8. The Tribunal appears to have relief on the fact that the learned defence counsel in the Court below did not contest the story of Sripati's illness. The law, however, makes no provision for an admission by counsel in a criminal case. No admission by counsel can relieve the prosecution of the duty of satisfying the Court by proper evidence, that Sripati was really seriously ill, Vide the decisions in the case of Ganeshdas Nimani in Cri. Appeal No. 70 of 1918, D/- 21-3-1249 and in the case of the Attorney General of New South Wales v. Henry Louis Bertrand, (1867) 36 L. J. P. C. 51 : (L. R 1. P. C. 520).
9. I find that the prosecution has not proved that Sripati was ill, and that no case has been made out for the application of Section 33, Evidence Act.
10. I may also point out in this case that the second requirement of the proviso to the section which requires that an adverse party has had the right and opportunity to cross examine the witness has also not been fulfilled. After charge had been framed, the accused had certainly the right to cross-examine the witness. He had partial opportunity to exercise the right, but not full opportunity as the witness ceased to be available before cross-examination could be concluded.
11. In my opinion, what this proviso requires is that the accused must have a full opportunity of cross-examining the witness.

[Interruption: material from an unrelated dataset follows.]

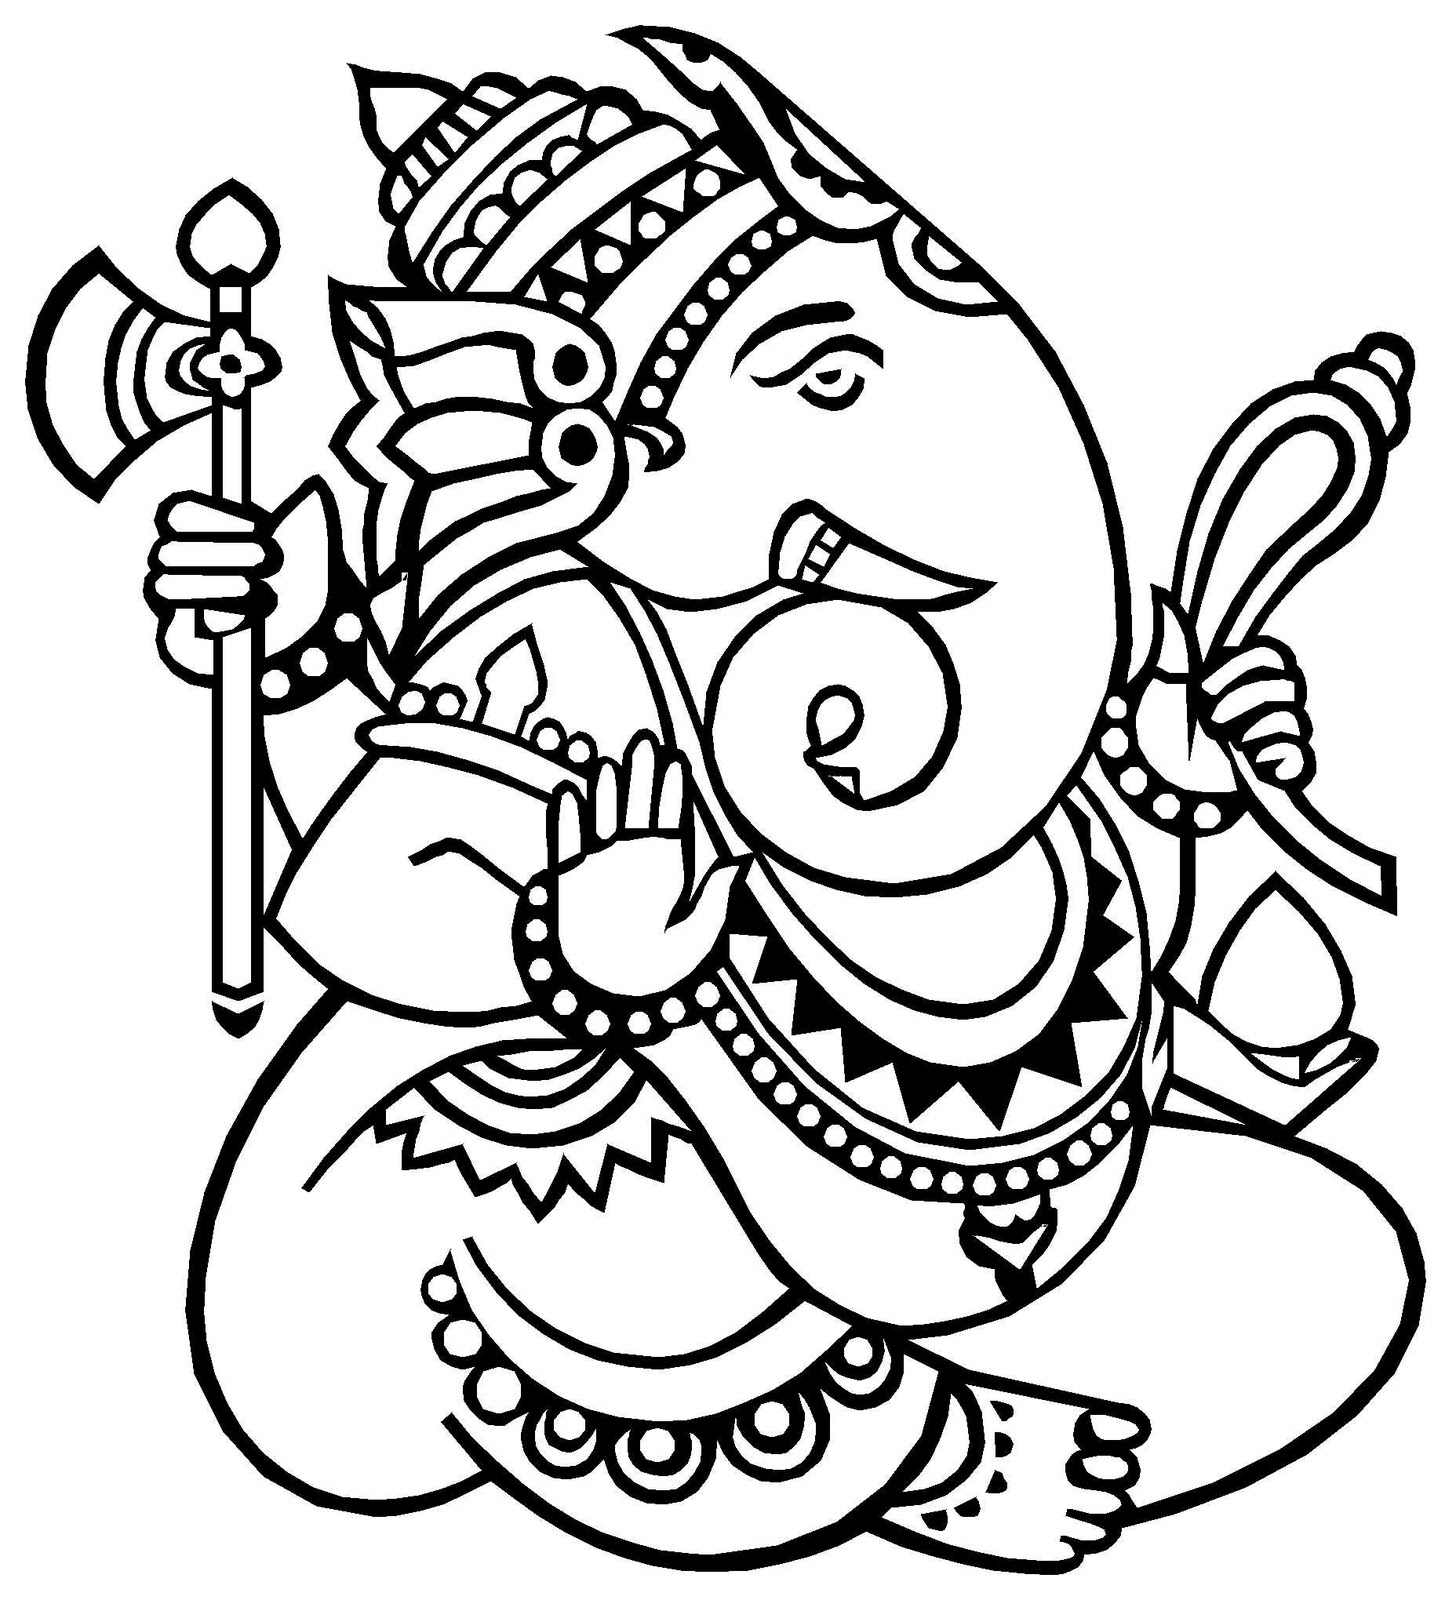 Ganesh Drawings - ClipArt Best

12. Before charge was framed, the accused had certainly the opportunity to cross-examine the witness; but at that stage, he had no right to cross-examine the witness. The reasons for the conclusion that the accused. In a warrant case has no right to cross-examine the witness before charge is framed within the meaning of Section 33, Evidence Act, were fully discussed in Appeal No. 236 of 1949, and need not be repeated here.
13. My conclusion, therefore, is that Sripati's evidence, as recorded is not admissible under Section 33, Evidence Act, and must be excluded from consideration. On such exclusion, the position is that there is no evidence on the record at all to show either that there was an agreement between the appellant and Sripati that the appellant would receive illegal gratifications, or that, in fact, any illegal gratification was ever received by the appellant. The prosecution, has, therefore, failed in my opinion, to prove the guilt of the accused of any of the offences with which he was charged.
14. I would, therefore, allow this appeal, set aside the order of conviction and sentence passed by the Tribunal, and order that the accused be acquitted of all the charges, and discharged from his bail bond.
15. By the Court--Leave to appeal to the Supreme Court under Article 134(1)(c) of the Constitution is refused.